* _Task goal_: Each line below from the one containing "Sisyphus, Ixion et" through the one containing "Eye Comme des" is to be given again exactly, and no line outside that span.

* _Source material_:
-- Opening Marker --

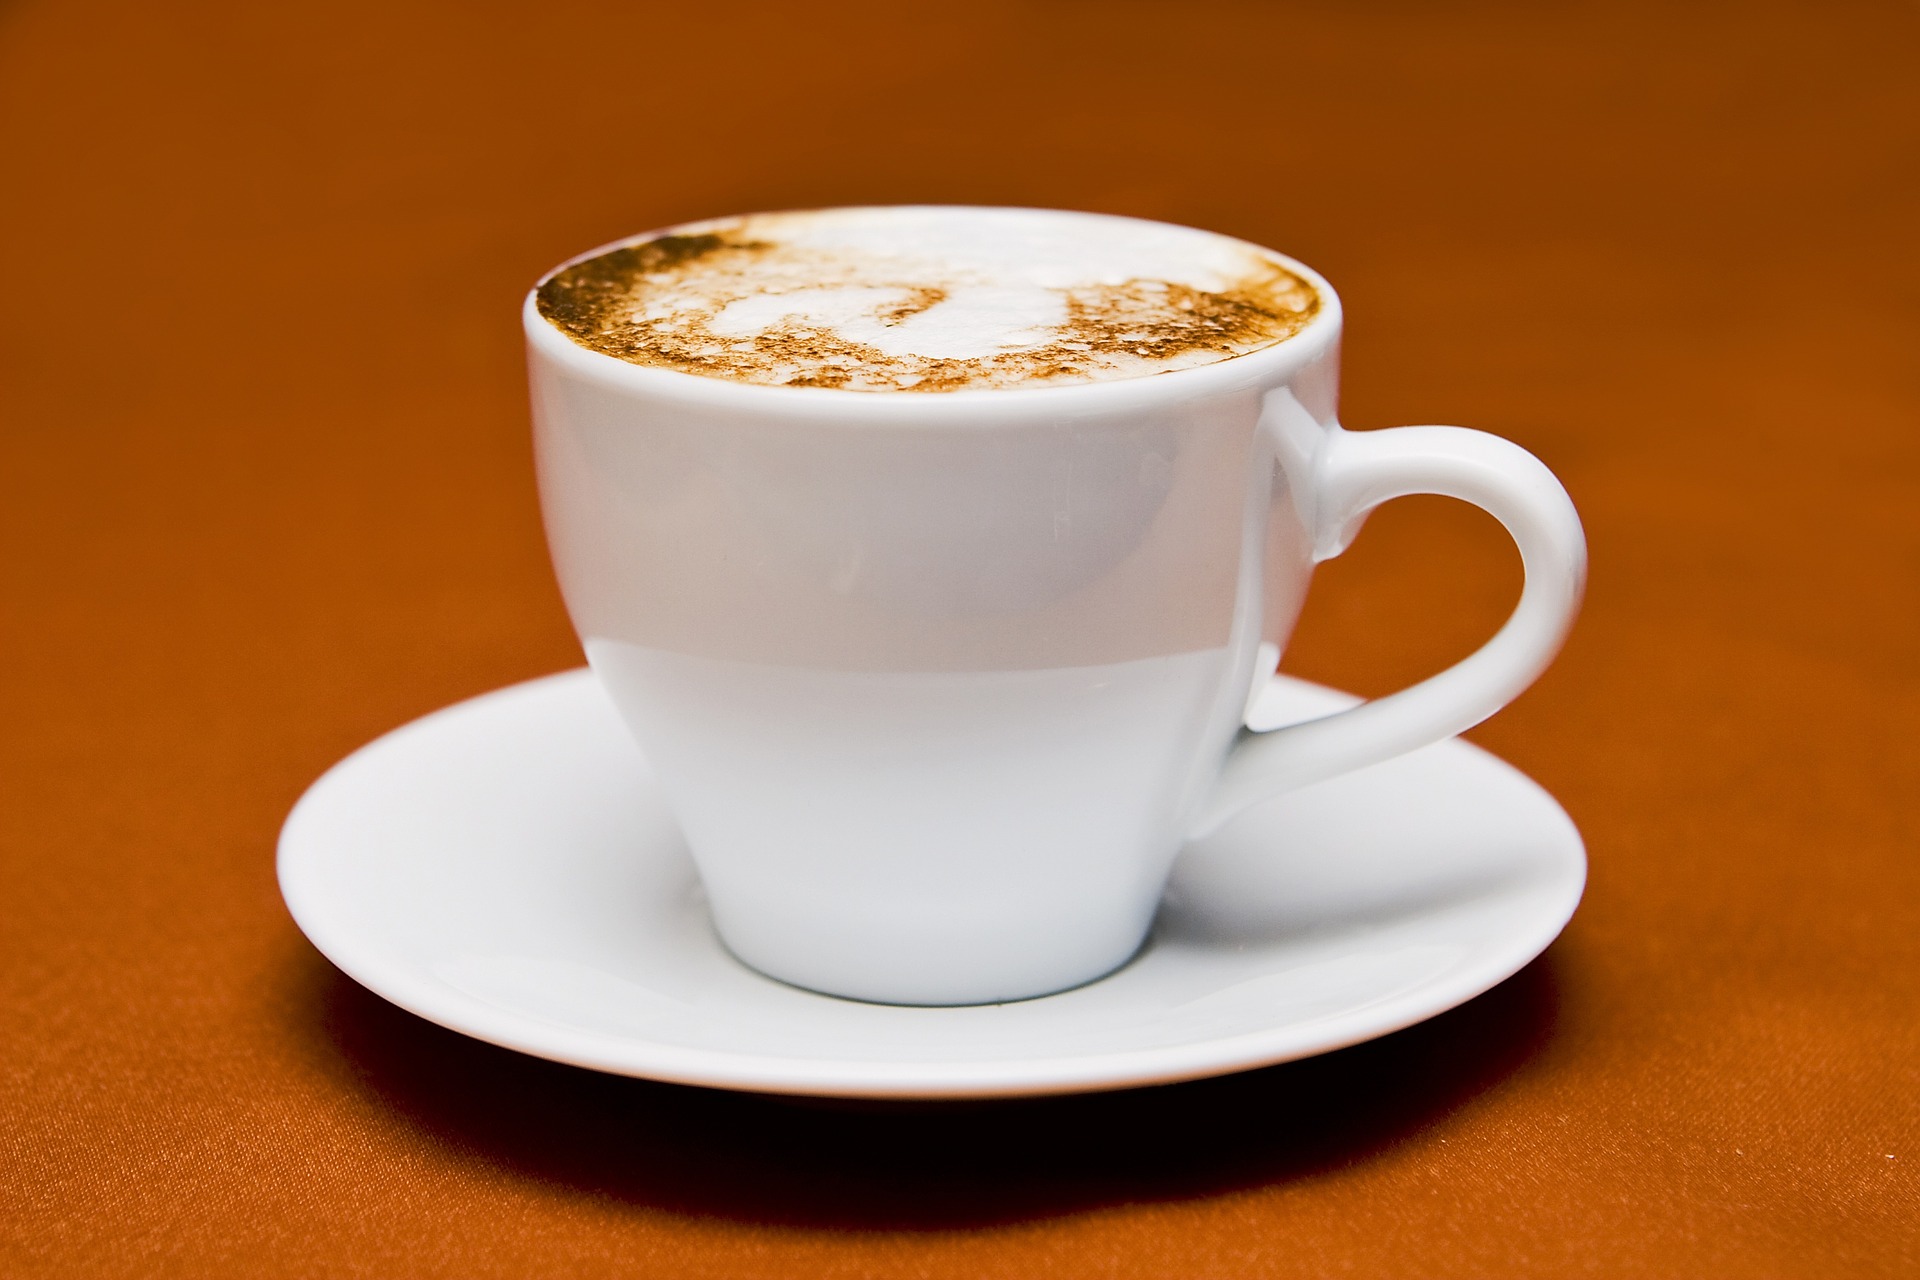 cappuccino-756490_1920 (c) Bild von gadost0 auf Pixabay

-- Closing Marker --
-- Opening Marker --

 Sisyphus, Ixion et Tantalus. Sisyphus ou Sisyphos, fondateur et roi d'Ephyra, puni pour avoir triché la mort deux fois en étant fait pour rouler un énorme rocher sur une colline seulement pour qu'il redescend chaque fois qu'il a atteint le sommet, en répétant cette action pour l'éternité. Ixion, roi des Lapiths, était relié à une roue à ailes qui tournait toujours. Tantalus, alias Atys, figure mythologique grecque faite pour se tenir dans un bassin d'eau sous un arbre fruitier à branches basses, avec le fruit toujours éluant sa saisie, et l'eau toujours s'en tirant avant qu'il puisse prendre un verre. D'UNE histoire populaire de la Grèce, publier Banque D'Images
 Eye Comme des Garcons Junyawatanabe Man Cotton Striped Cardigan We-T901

-- Closing Marker --

* _Exercise result_:
 Sisyphus, Ixion et Tantalus. Sisyphus ou Sisyphos, fondateur et roi d'Ephyra, puni pour avoir triché la mort deux fois en étant fait pour rouler un énorme rocher sur une colline seulement pour qu'il redescend chaque fois qu'il a atteint le sommet, en répétant cette action pour l'éternité. Ixion, roi des Lapiths, était relié à une roue à ailes qui tournait toujours. Tantalus, alias Atys, figure mythologique grecque faite pour se tenir dans un bassin d'eau sous un arbre fruitier à branches basses, avec le fruit toujours éluant sa saisie, et l'eau toujours s'en tirant avant qu'il puisse prendre un verre. D'UNE histoire populaire de la Grèce, publier Banque D'Images
 Eye Comme des Garcons Junyawatanabe Man Cotton Striped Cardigan We-T901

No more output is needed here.